In our previous work [
20], we introduced a novel DRL strategy for managing energy in renewable energy communities. This strategy introduces an intelligent agent designed to maximize social welfare through real-time decision making, relying only on currently available data, thus eliminating the necessity for generation and demand forecasts. To enhance the agent’s training effectiveness, we leverage the MILP approach outlined in [
7] by directly incorporating optimal control policies within an asymmetric actor–critic framework. Through diverse simulations across various REC setups, we demonstrate that our methodology surpasses a state-of-the-art rule-based controller. Additionally, it yields BESS control policies with performance closely matching the optimally computed ones using MILP. In this study, we have expanded our research scope to encompass a broader framework that addresses the entire European landscape. By doing so, we aim to shed light on the advantages of our study in a more comprehensive context. This extended perspective allows us to offer insights into the applicability and benefits of our innovative DRL approach not only within individual RECs but also on a larger scale, contributing to a more sustainable and efficient energy landscape across Europe.

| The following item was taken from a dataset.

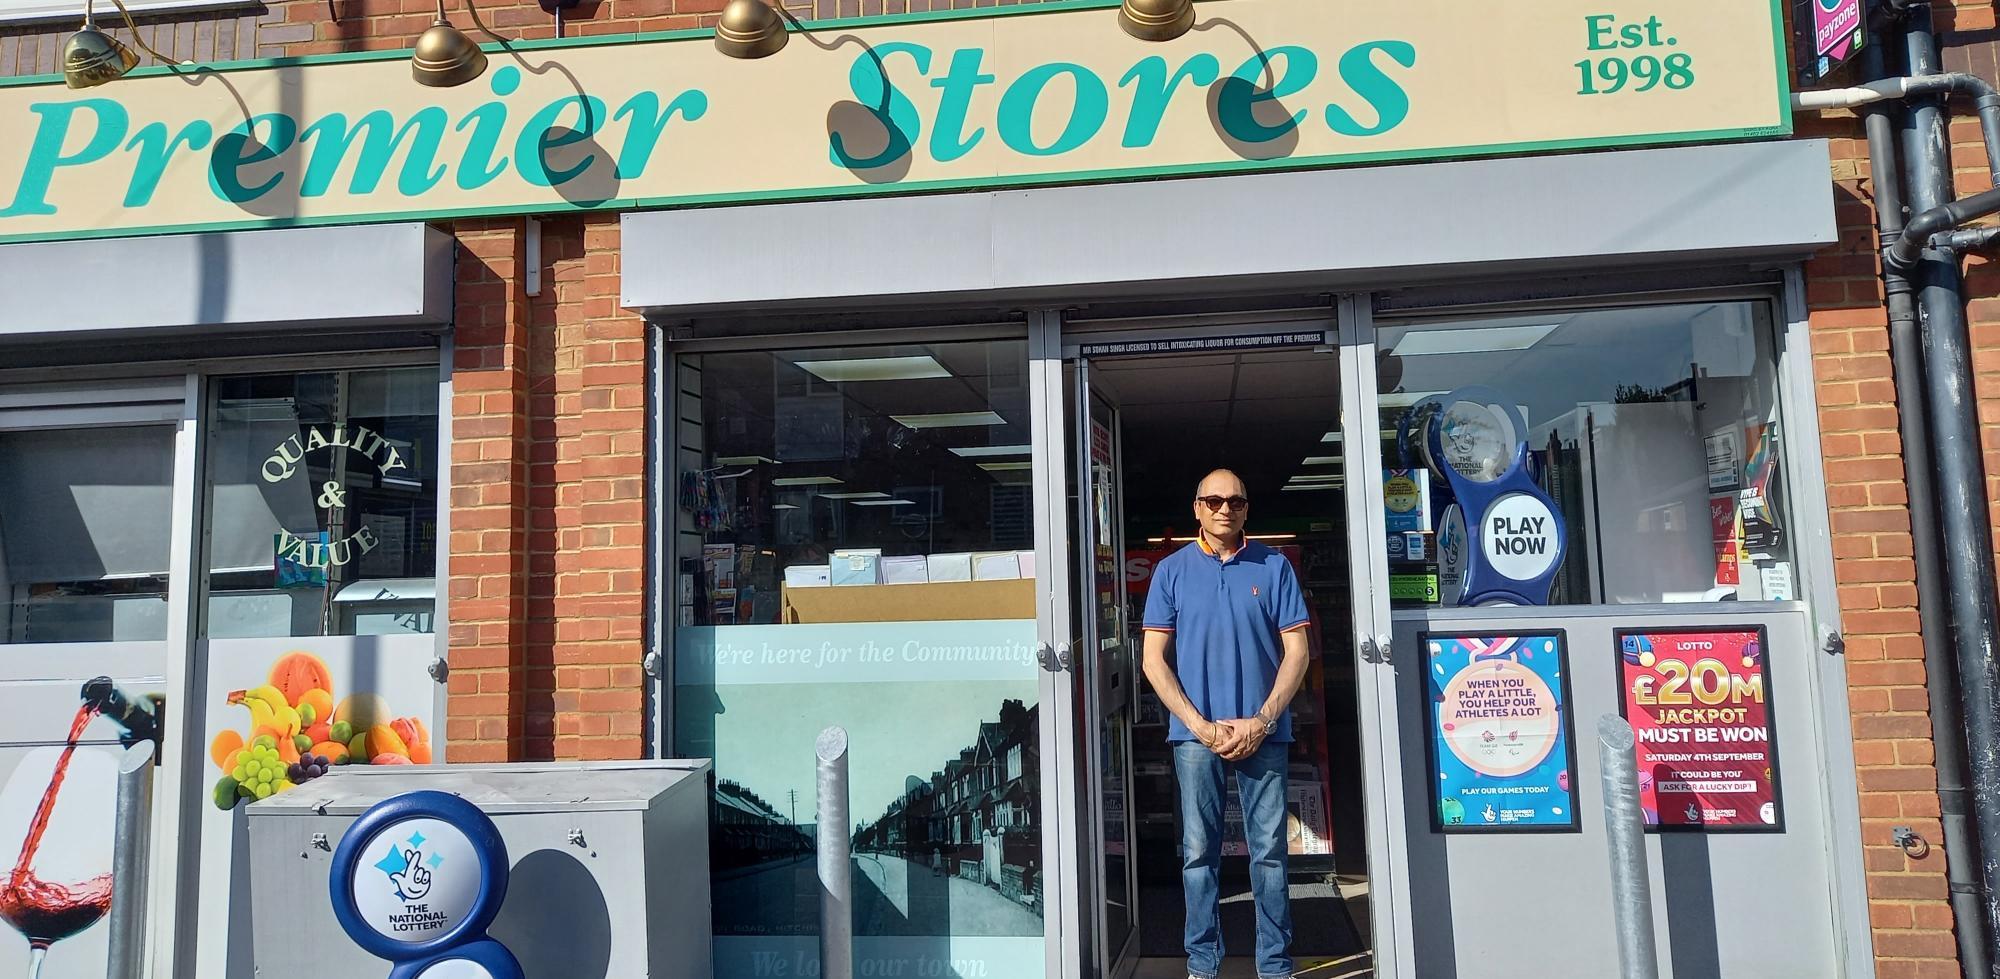 Sohan Singh from Premier Store in Hitchin in Hert
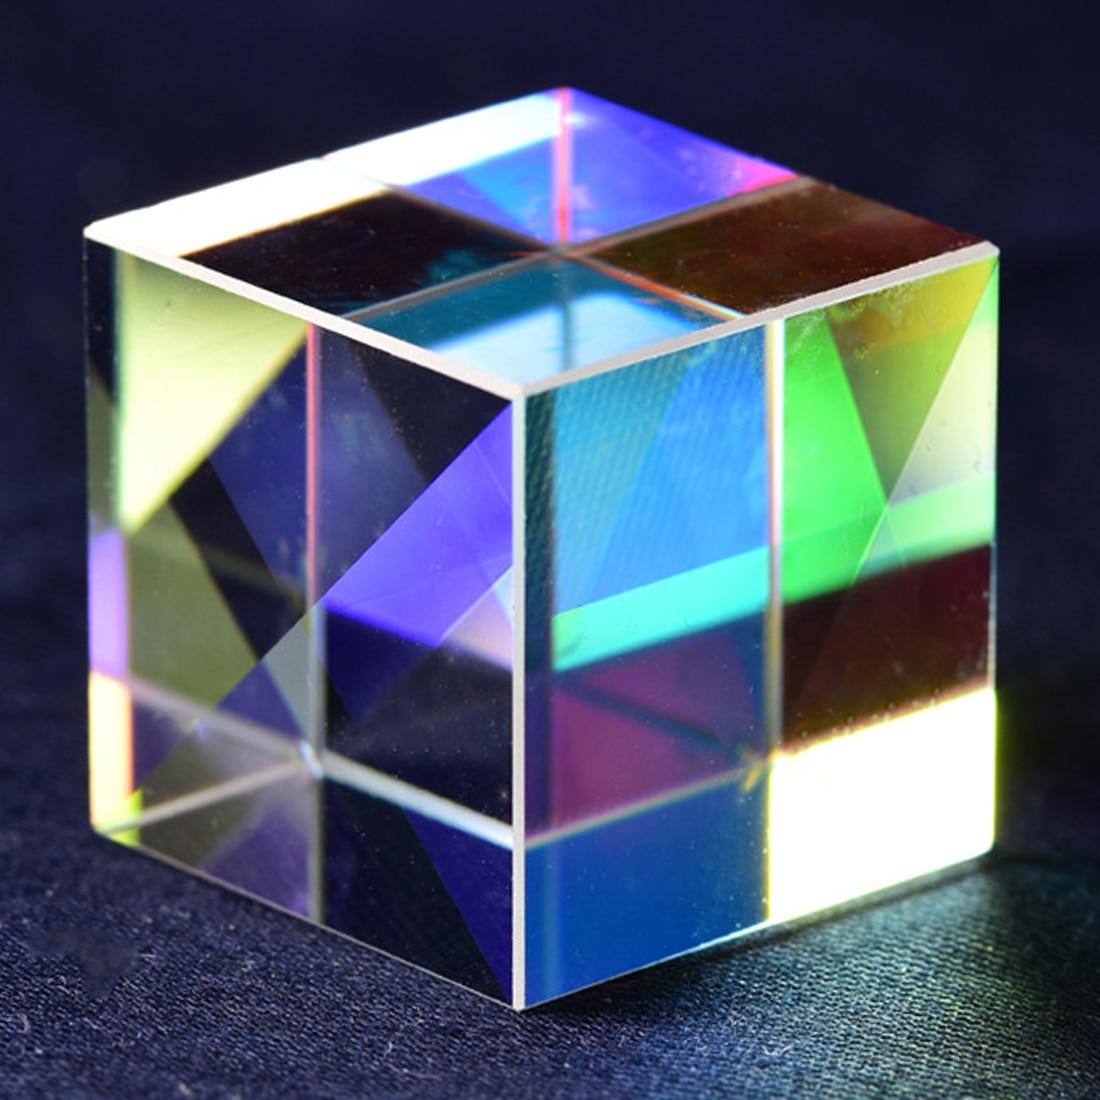 Transparent Module Optical Glass Toy K9 Cube Prism Defective Cross Dichroic Mirror Combiner Splitter Decor 18*18mm

1.3. Regional Variations in Energy Dynamics: Insights from Italian Regions and beyond
Understanding REC dynamics requires analyzing regional variations in energy dynamics. The inclusion of various regions within Italy serves as a crucial aspect of our study, providing insights into the specific challenges and opportunities within the Italian energy landscape. Italy’s diverse geographical and socio-economic characteristics necessitate a tailored approach to energy management, making it an ideal testing ground for our proposed reinforcement learning (RL) controller. On the other hand, extending our analysis to countries beyond Italy, such as France, Switzerland, Slovenia, and Greece, adds a transnational dimension to our research. The selection of these specific countries is grounded in their diverse energy market structures, regulatory frameworks, and renewable energy adoption rates. France, with its nuclear-heavy energy mix, offers a contrasting scenario to Italy’s reliance on renewables. Switzerland, a country known for its hydropower capacity, provides insights into decentralized energy systems. Slovenia and Greece, with their unique geographical characteristics, contribute to a more comprehensive understanding of REC dynamics in southern Europe. By incorporating this diverse set of countries, we aim to capture a broad spectrum of challenges and opportunities faced by different European regions. This comparative analysis enhances the generalizability of our findings, allowing us to extrapolate insights that are not only relevant to Italy but also applicable to a broader European context. The careful selection of these countries aligns with our goal of providing a holistic perspective on the application of RL controllers in optimizing energy management across diverse geographical and regulatory landscapes.
This work proceeds as follows.
Section 2 encompasses a review of the relevant literature.
Section 3 formalizes the task and introduces our methodology.
Section 4 delineates the simulations and illustrates the numerical outcomes. Finally,
Section 5 concludes the discussion, delving into potential future advancements.